Before she could finish a man spat, "Again!? Just last month he already collected thrice. How are we to live?"
Some smashed the empty grain sacks onto the ground, and others raised hammers while spitting angry curses at her. It was already Meng Fuyao's third time collecting grains, and there were almost none left. Unable to endure any longer, the citizens waved their weapons around despite not knowing what they were achieving.
As such, the "panic-stricken" transportation officer Tang yelled, "Don't hit me! Don't hit me! It's King De's order! The Rongsmen in the army have huge appetites and need more food. It's for the good of everyone…"
Before she could finish the crowd lashed out.
"Why do we have to give away the grains we have so arduously planted?"
"If they're eating our grains, let's do the same at their houses!"
The crowd hissed and charged outside the village and toward the stockaded village in batches.
In a few other locations, the assistant transportation officer in charge of collecting the grains released the same statement and took the same action. Even more people jumped forward with their farming tools, walking on the paths between villages and gathering at the main road leading to the Rong village.
Behind them, Meng Fuyao gradually steadied her footsteps upon completing her act.
She appeared calm and collected, but there was a fire in her eyes, burning with resolute hatred. It contained overwhelming willpower, which she bit on so fiercely and stubbornly, and which she was planning to take the tiger down with.
The soldiers in Kind De's army were already exhausted, and the citizens of respective counties had been provoked. With Meng Fuyao continuous stirring, the citizens infiltrated the Rong stronghold, seizing grains and ignoring the damage they were causing.
Upon gaining news that their houses had been attacked, that their families had been bullied and that their grains had been robbed, how could the already starving and exhausted soldiers possibly continue warring wholeheartedly?
Upon a series of war games and operations, the army scattered like water and collapsed like mountains in defeat.
Meng Fuyao kept silent, pursing her lips and looking up. Her gaze was set far away, toward the direction of Wanzhou.
She had been waiting for many days. Every day, every hour, every minute and every second, anxiety crippled her and shattered her heart into pieces that sank a little as time passed. The pieces of hope she had been clinging onto were seized, one by one and permanently by Time.
Every night before sleeping she prayed to see a certain face greeting her with a smile in the morning and saying, "You've not been listening again." To that, she had already prepared a comeback, "You scared me, jerk." She would say that and then throw him a hard punch, to which he might retaliate, and she would not mind.
Unfortunately, she couldn't put the countless scenarios she had run over in her in use. Every morning she waited. If there were no movements, she would keep her eyes shut and feel about her sides, only to be embraced by the cool air and never once the warmth she had been longing for.

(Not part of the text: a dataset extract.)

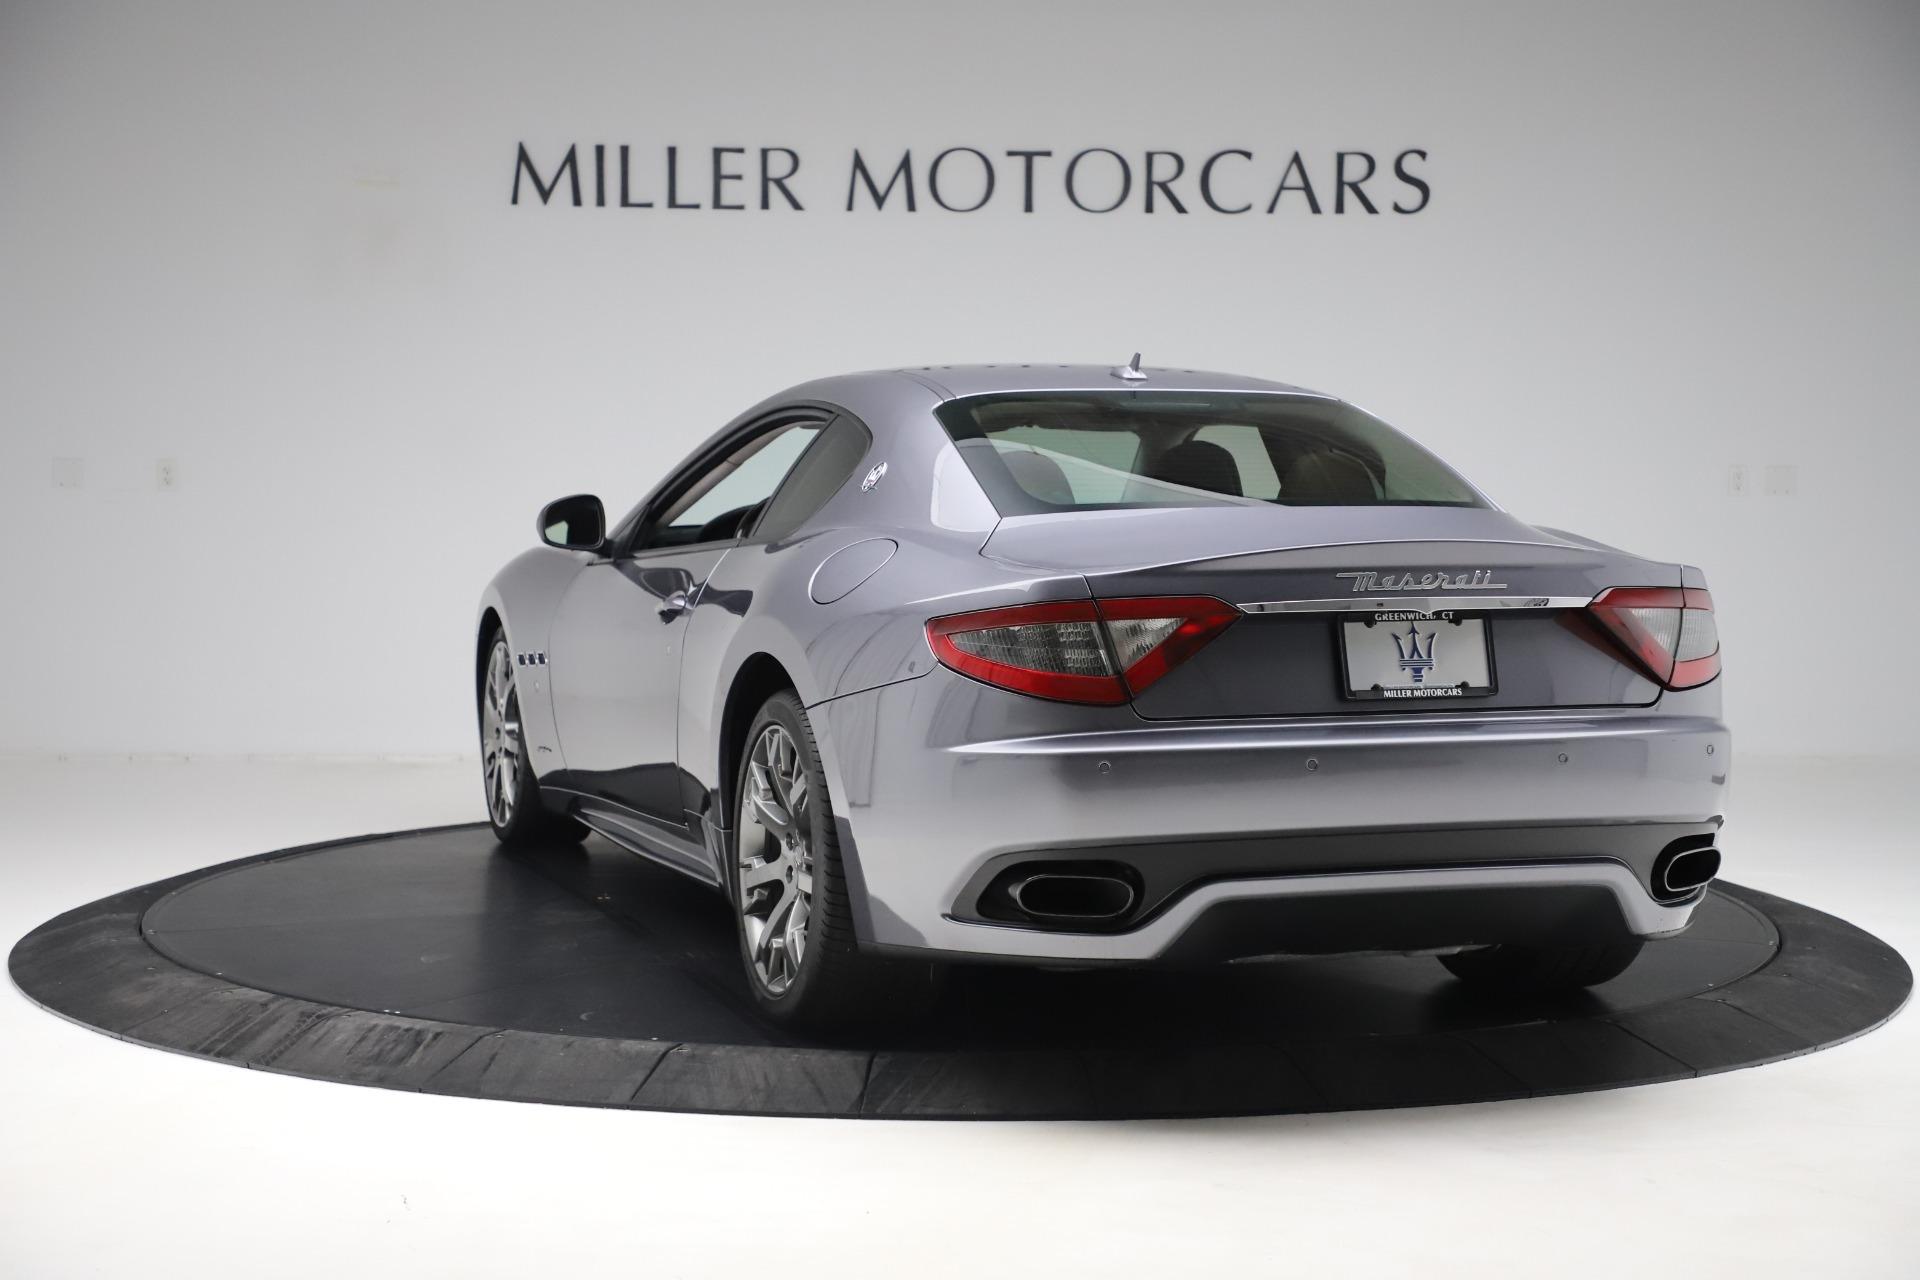 New 2016 Maserati GranTurismo Sport- TEST DRIVE SPECIAL For Sale In Greenwich, CT 166_p5

It had been many days, and King De had started to revolt. The blister he had been trying to squeeze was almost out. He should have been back by now, but he wasn't.
Meng Fuyao leaned against a tree that stood at the end of the path. She waited by the village entrance, with the bright red sun setting behind her. The tree trunk was thin enough, but she was a tad thinner and frailer, if that was even possible, resembling a fallen leaf that floated aimlessly amid the golden-red clouds.

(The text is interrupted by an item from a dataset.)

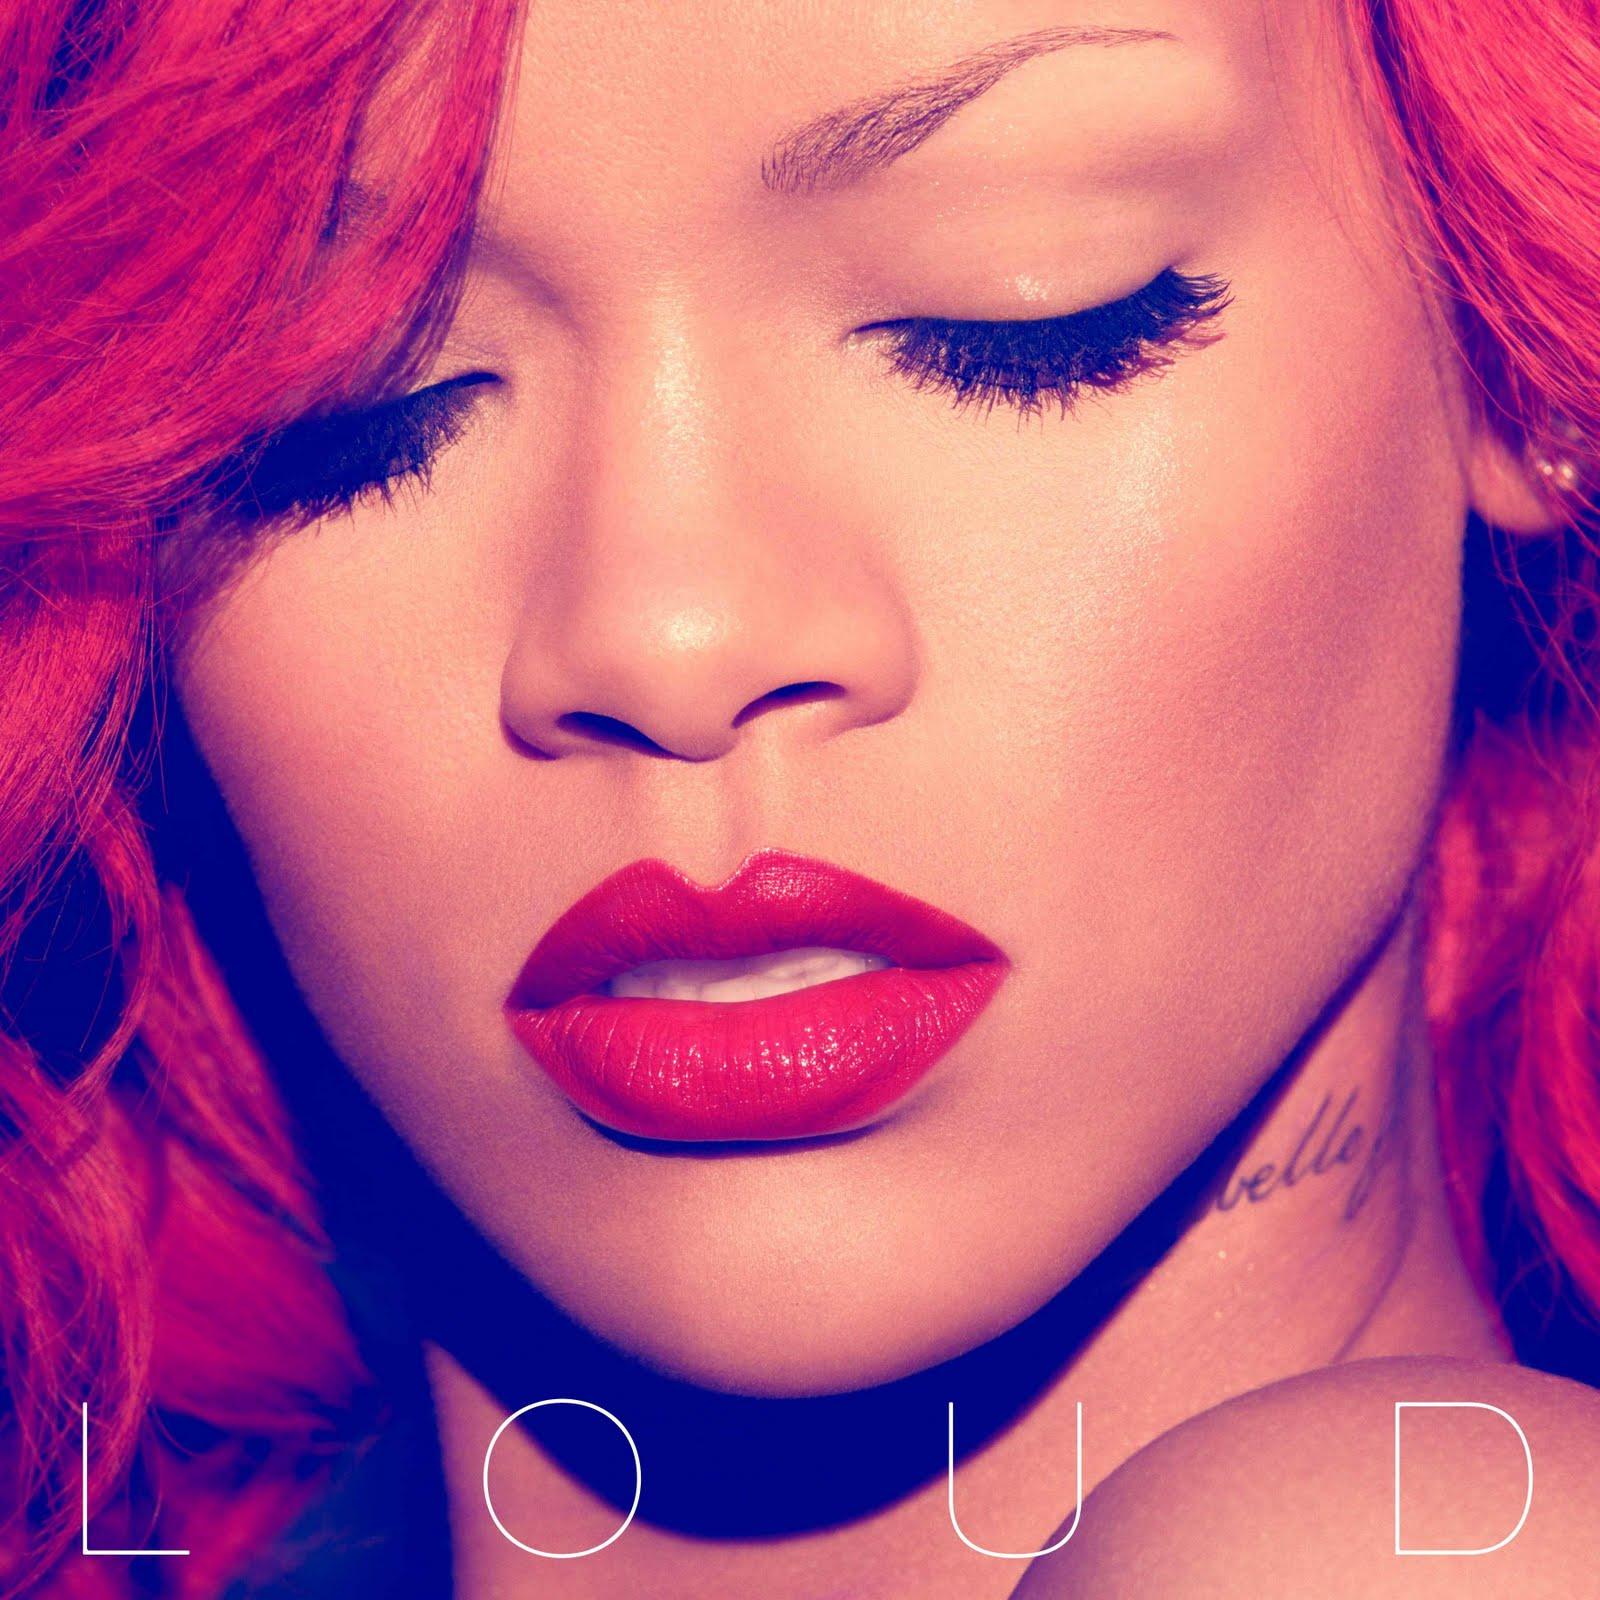 http://4.bp.blogspot.com/_fdfRpP2AbC4/TNS78H-5M2I/AAAAAAAAIkk/Dw9CnEjG-0g/s1600/lyricsvideoclips_Rihanna+-+S%26M.jpg

She looked toward that direction, her eyes flickering between the collapsed and shattered rocks. Her clothes were untidy, and amid the hazy evening, she could be seen clasping a yellow pouch tightly. It was something Zhan Beiye had ordered men to look for, and from how hard she was holding onto it, it was as if she was hoping to seek out the last glimmer of hope.
Meng Fuyao was so focused on the view before her that she hadn't noticed a silent black figure watching her from even farther away, the space between his brows covered in a layer of frosted dew.